- Problem -
Reproduce word for word, from the entries below, the line with "Карандаши веселые, картинки", the line with "Trim Fit Plaid", and every line between them, and nothing more.
[The data — start]
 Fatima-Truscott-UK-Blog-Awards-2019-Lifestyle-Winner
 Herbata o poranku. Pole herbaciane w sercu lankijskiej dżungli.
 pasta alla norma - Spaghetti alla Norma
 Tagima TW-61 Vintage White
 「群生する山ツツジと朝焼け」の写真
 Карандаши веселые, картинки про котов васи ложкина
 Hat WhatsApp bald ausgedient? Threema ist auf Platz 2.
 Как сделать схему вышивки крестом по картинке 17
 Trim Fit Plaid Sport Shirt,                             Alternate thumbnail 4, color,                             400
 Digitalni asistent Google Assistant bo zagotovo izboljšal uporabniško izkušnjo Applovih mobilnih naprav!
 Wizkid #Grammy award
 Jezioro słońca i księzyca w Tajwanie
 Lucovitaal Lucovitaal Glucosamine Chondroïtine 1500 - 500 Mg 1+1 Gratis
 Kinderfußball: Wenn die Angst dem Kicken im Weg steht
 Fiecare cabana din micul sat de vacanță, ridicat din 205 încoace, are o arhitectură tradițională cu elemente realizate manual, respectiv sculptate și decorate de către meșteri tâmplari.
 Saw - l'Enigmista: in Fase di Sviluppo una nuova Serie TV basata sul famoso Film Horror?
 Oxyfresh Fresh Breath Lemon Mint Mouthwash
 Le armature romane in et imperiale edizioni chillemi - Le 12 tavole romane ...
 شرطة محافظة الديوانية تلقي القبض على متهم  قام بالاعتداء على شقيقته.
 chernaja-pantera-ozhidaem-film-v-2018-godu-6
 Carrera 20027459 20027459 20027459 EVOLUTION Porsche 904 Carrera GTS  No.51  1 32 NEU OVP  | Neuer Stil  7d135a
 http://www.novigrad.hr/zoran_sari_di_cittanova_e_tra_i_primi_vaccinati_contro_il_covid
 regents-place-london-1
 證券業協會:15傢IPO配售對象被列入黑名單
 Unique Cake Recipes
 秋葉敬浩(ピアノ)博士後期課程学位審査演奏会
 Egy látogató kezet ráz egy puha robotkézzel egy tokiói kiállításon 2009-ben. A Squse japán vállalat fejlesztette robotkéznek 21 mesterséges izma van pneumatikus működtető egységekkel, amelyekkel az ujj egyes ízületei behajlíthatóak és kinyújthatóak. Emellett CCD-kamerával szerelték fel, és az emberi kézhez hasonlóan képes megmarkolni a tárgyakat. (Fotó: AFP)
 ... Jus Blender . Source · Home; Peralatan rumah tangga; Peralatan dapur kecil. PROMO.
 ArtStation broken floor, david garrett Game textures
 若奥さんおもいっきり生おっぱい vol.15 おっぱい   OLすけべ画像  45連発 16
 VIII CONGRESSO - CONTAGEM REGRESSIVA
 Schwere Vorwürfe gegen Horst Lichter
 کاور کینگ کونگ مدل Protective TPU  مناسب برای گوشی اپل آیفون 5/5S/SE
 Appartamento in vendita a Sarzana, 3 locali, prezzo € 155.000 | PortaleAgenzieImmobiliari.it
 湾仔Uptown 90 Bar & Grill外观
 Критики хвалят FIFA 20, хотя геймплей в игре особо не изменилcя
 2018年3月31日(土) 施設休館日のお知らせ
[The data — finish]
- Solved exercise -
 Карандаши веселые, картинки про котов васи ложкина
 Hat WhatsApp bald ausgedient? Threema ist auf Platz 2.
 Как сделать схему вышивки крестом по картинке 17
 Trim Fit Plaid Sport Shirt,                             Alternate thumbnail 4, color,                             400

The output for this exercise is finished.